"I've done a lot of shit in my life; a lot of crazy shit, a lot of cool shit, a lot of stuff that I'm not so proud of and I wouldn't change any of it," says Lamb of God frontman Randy Blythe. Several years ago, Blythe found some notoriety after he got into a gnarly, drunken fist fight with his own bandmate (guitarist Mark Morton), complete with slurred trash talk, hair-pulling and head butts. Oh, and Blythe was wearing a kilt at the time.
It wouldn't be a proud moment for any band, but rather than ignoring or downplaying it, Lamb of God included all the damning footage on their 2005 concert DVD Killadelphia.
It's a telling gesture of exactly who Lamb of God are. The Richmond, VA groove metal band have been putting all their crap out on the table for nearly two decades, and not apologizing for any of it. "I know I did a lot of stupid shit," Blythe laughs, "but if I didn't do that I wouldn't be who I am, and today I think I'm a pretty good dude."
It's been a long journey from their early days of booze-fuelled debauchery, when they were called Burn the Priest. They've survived a name change, the rise and fall of grunge and nu-metal, and thrived in a metal revival scene that's flourished even as the music industry collapsed around them. Throughout, they've maintained a unique perspective on religion and politics, but have gotten more sophisticated about expressing those ideas.
Although the band members have all settled down with families, their attitude towards their music hasn't changed. With the release of their new album, Resolution, Lamb of God continue with the mantra they've preserved since their Burn the Priest days ― to make the music they want, when they want and how they want. "We make the music so that only five people can be happy," Blythe says, "and that's the five dudes in Lamb of God."

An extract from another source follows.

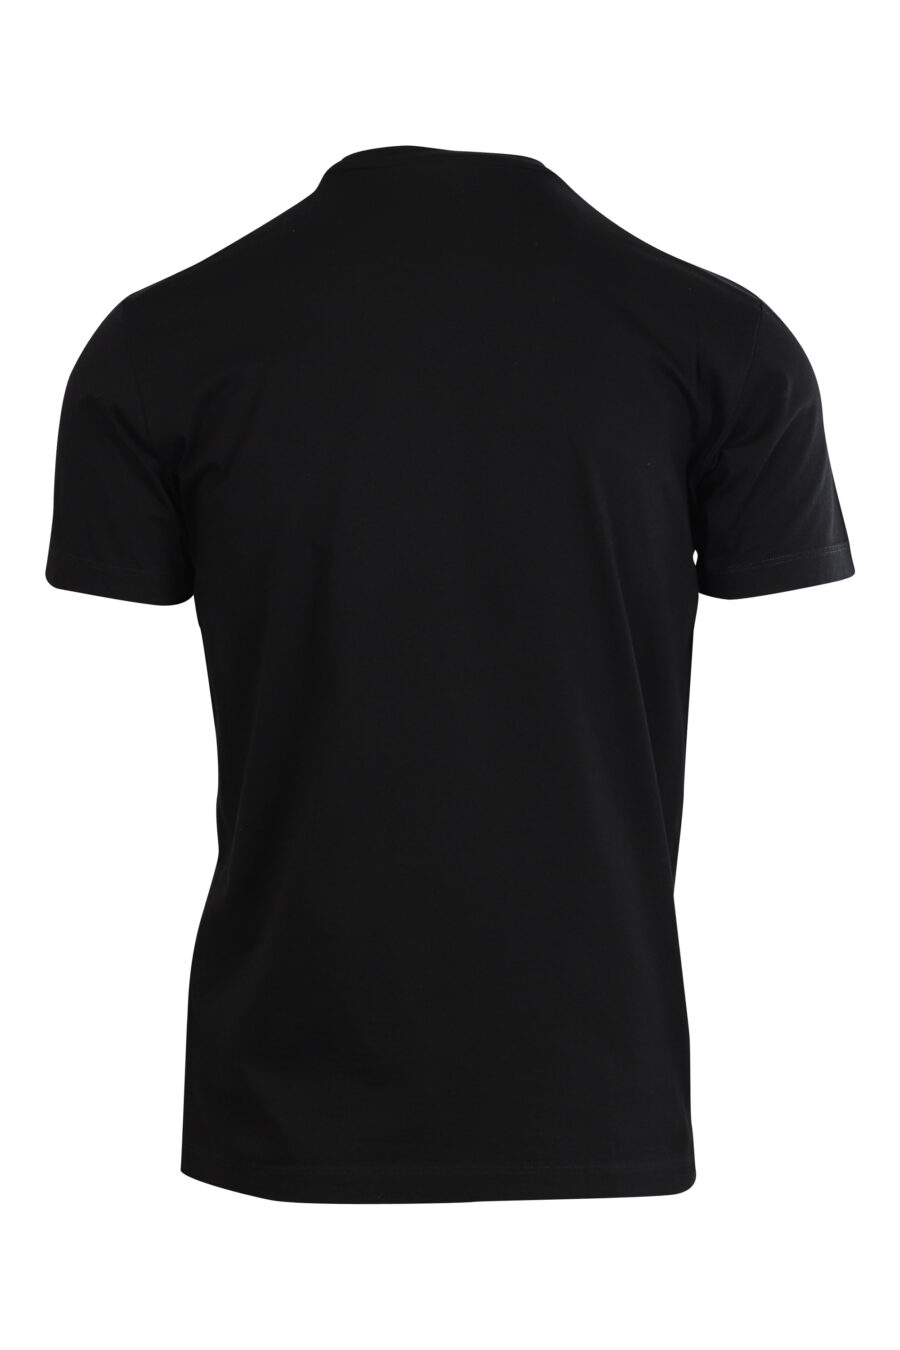 Schwarzes T-Shirt mit türkisem und fuchsiafarbenem "icon pixeled" Maxilogo - 8052134981269 2

Mark Morton, drummer Chris Adler and bassist John Campbell formed Burn the Priest in their Virginia hometown in the early '90s. Morton left to pursue grad school and was replaced by Abe Spear, and the trio released a demo and two split EPs as an instrumental band before Randy Blythe joined in 1995; his lyric writing established the religious and political themes that remain to this day. Their sound ― a mix of thrash, death metal and sludge with punk and grindcore influences ― made them an anomaly.
"Nobody was making what we wanted to hear at that time," Blythe says. "Grunge had taken over. A few bands of the generation before us were still around of course, who were influences on us: Slayer, and Megadeth were still doing something, Pantera were still around, Testament were still doing stuff every now and then, but metal had pretty much croaked. We made heavy metal just 'cause we wanted to hear it. We never had any ideas of it turning into a career. We thought we'd drink beer and play some heavy metal, that's it."

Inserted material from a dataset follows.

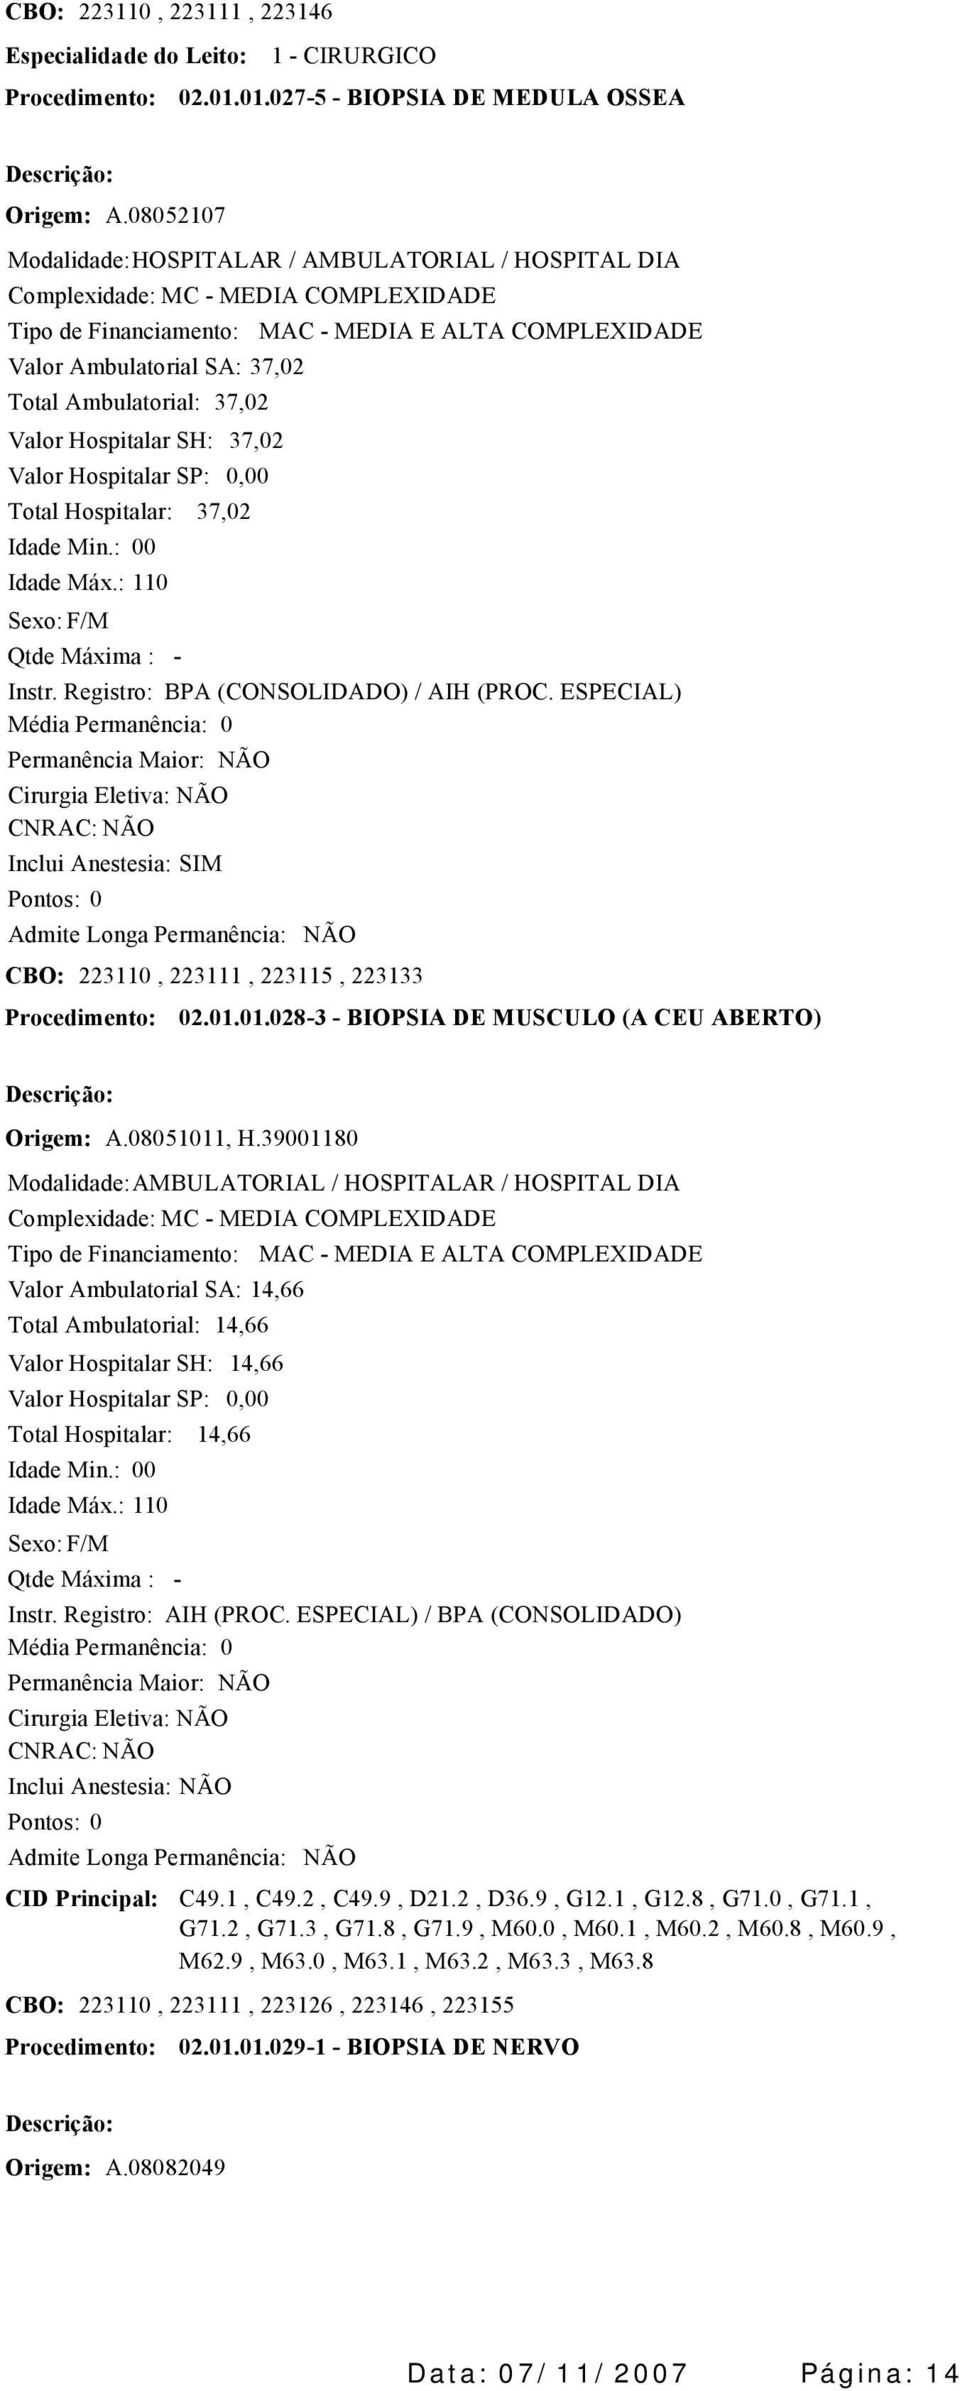 01.0283 BIOPSIA DE MUSCULO (A CEU ABERTO) Origem: A.08051011, H.39001180 / HOSPITALAR / HOSPITAL DIA Valor Ambulatorial SA: 14,66 14,66 14,66 14,66 Instr. Registro: AIH (PROC.

Buzz began to build locally, and Morton re-joined the band in 1997, but it wasn't until the 1999 release of Burn the Priest's self-titled full-length that their line-up was finalized, when Adler's brother Willie replaced Spear as a second guitarist. But the attention garnered by Burn the Priest (produced by Today Is the Day's Steve Austin and released by Legion Records, later reissued by Epic) was being eclipsed by their controversial band name.
After the name got them banned from certain venues, they faced a difficult choice. "We spent a long time touring and writing under that name," Adler explains, "so when we changed it we definitely thought that we were shooting ourselves in the foot and washing all that work down the drain. I don't know if it really helped, but I know that today, as an adult with a kid, it's a lot easier to feel proud of what we've done, not having it be based on a gimmick."

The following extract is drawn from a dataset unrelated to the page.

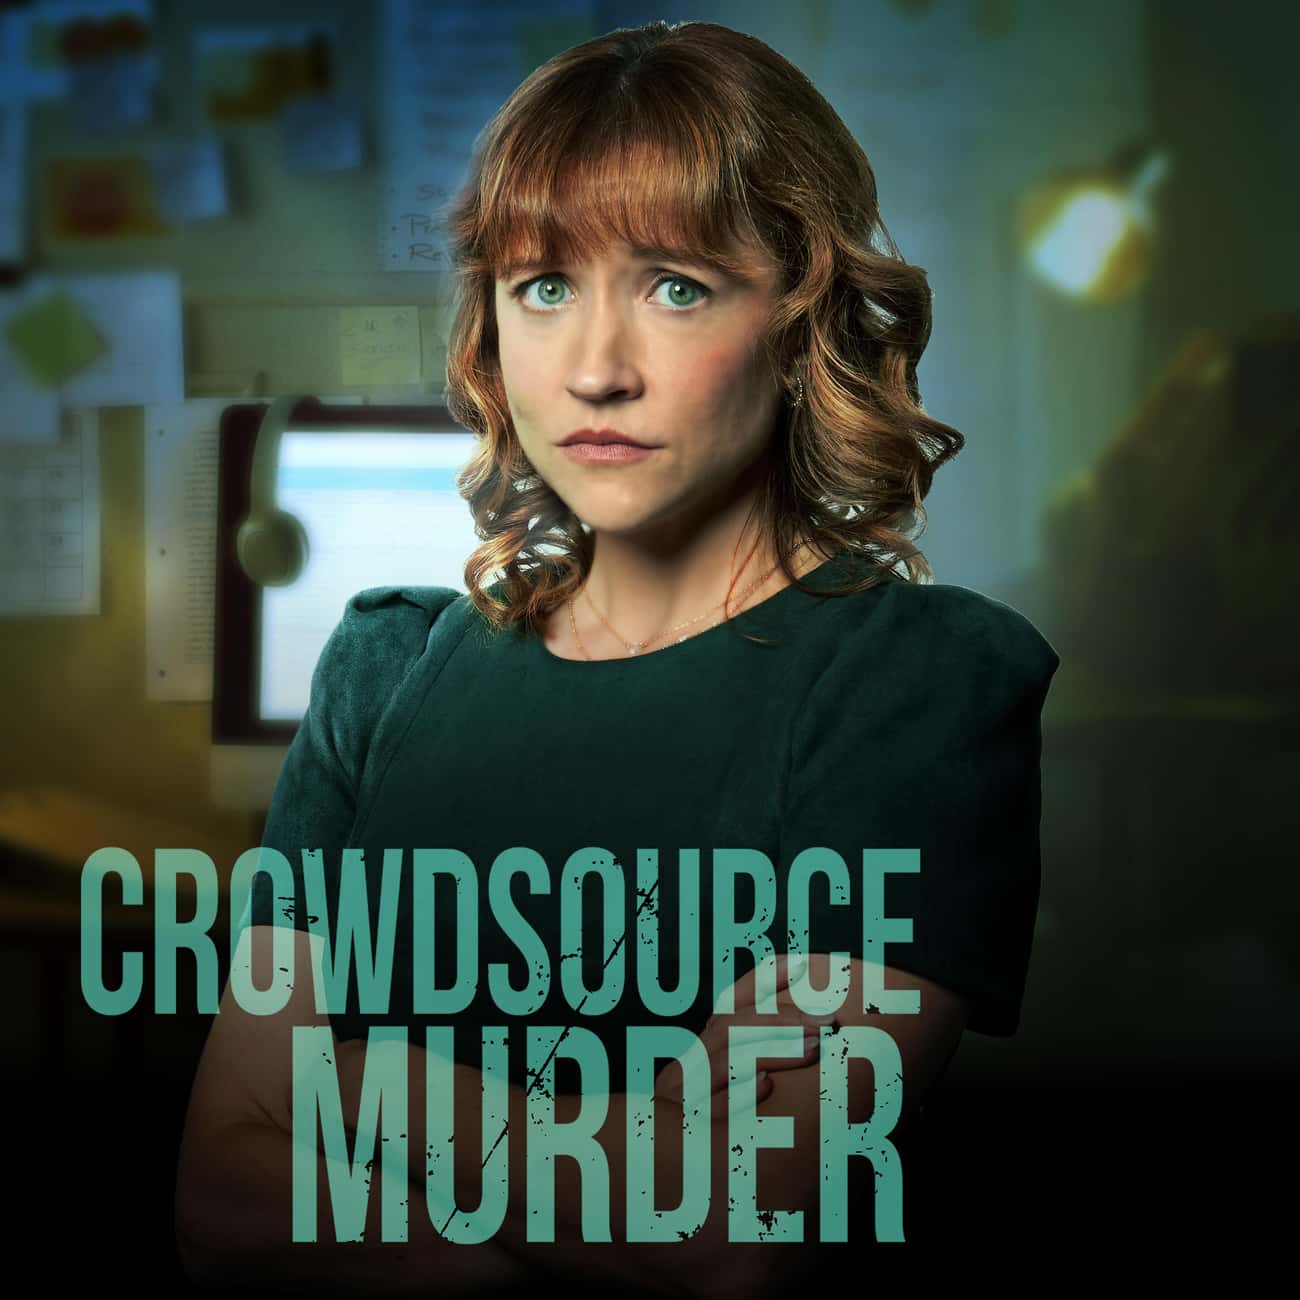 Crowdsource Murder

The name change to Lamb of God retained a religious association without being offensive, and the band maintained the same lyrical and musical approach ― doing what they wanted. And it continued to fly in the face of popular aggressive music in the early '00s, which consisted of the down-tuned alt-rock/hip-hop fusion known as nu-metal, led by the likes of Korn, Limp Bizkit and Linkin Park.
After signing with Prosthetic Records, the band released their second album (and first as Lamb of God), New American Gospel, in 2000 and spent the next few years touring extensively before dropping As the Palaces Burn in 2003. Both records featured the same type of sound from their Burn the Priest days, but also introduced a groove metal tinge, often garnering comparisons to Texan genre heavyweights Pantera. Lamb of God landed on some large-scale tours, including the first Headbanger's Ball tour alongside God Forbid, Shadows Fall and Killswitch Engage.
As the Palaces Burn marked a change toward more politically-focussed lyrics, which intensified on their next album, 2004's Ashes of the Wake. Recorded during George W. Bush's presidency, both contain themes of Bush's War on Terror military campaign, particularly the war in Iraq.